There were a couple things I couldn't figure out.

  1. Is it necessarily the case that $M$ is correct about well-orderings? I.e., if $M \models ``\varphi(\cdot, \cdot)$ is a total ordering of $Ord" \wedge \forall x(x=\emptyset \vee \exists y \in x(\forall z \in x(\varphi(y, z)))),$ then $\varphi$ truly (in $V$) defines a well-ordering of $Ord^M?$
  2. If $\varphi_1$ and $\varphi_2$ define in $M$ isomorphic well-orderings of $Ord^M,$ is there necessarily a definable isomorphism $\psi(\cdot, \cdot)$ between them?
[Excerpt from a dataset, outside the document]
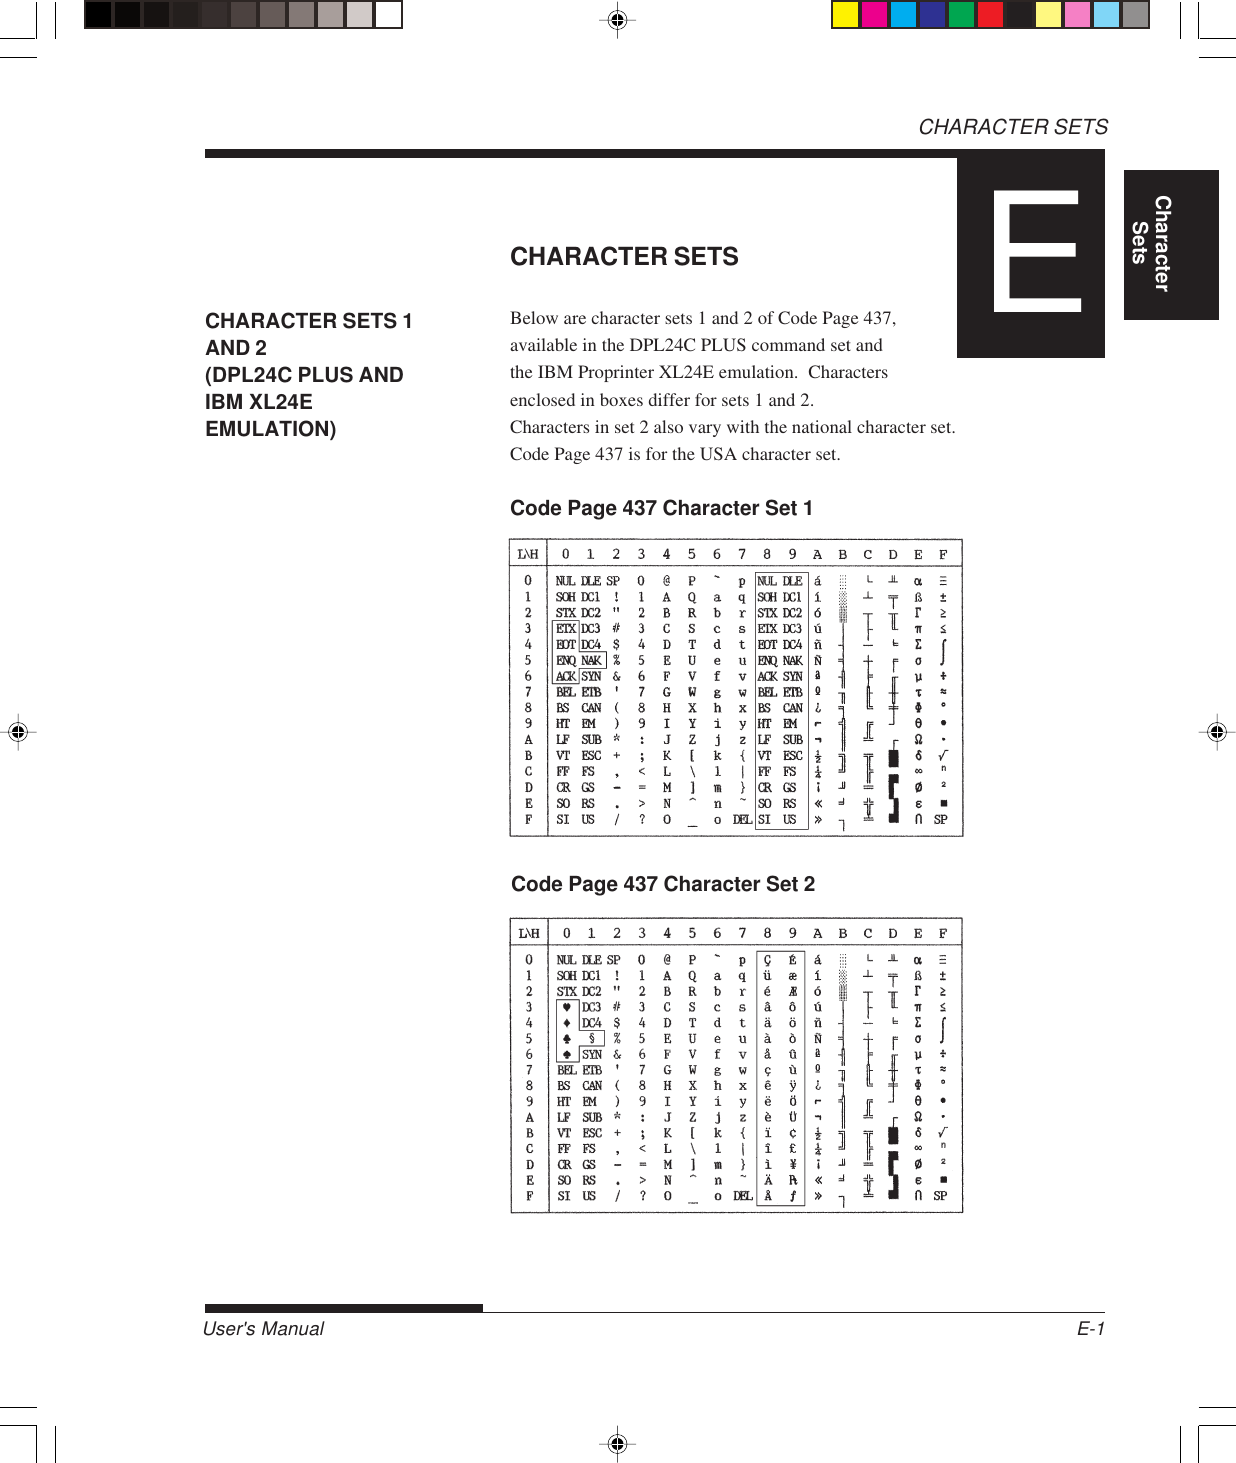 User&apos;s Manual E-1CharacterSetsCHARACTER SETSCHARACTER SETSBelow are character sets 1 and 2 of Code Page 437,available in the DPL24C PLUS command set andthe IBM Proprinter XL24E emulation.  Charactersenclosed in boxes differ for sets 1 and 2.Characters in set 2 also vary with the national character set.Code Page 437 is for the USA character set.Code Page 437 Character Set 1CHARACTER SETS 1AND 2(DPL24C PLUS ANDIBM XL24EEMULATION)ECode Page 437 Character Set 2

E.g., if $\alpha$ is the first ordinal to exceed a proper class of ordinals under $\varphi_1$ and $\beta$ is the first such ordinal under $\varphi_2,$ then we would have $\psi(\alpha, \beta).$

(1) is easy to prove in the case $Ord^M$ has uncountable cofinality in $V,$ but it isn't obvious to me whether it can fail in models of countable cofinality height. (2) seems unlikely, since I don't really see how to extend transfinite recursion past the ordinals (especially in light of potential failures of (1)), but I have trouble imagining what a counterexample would like.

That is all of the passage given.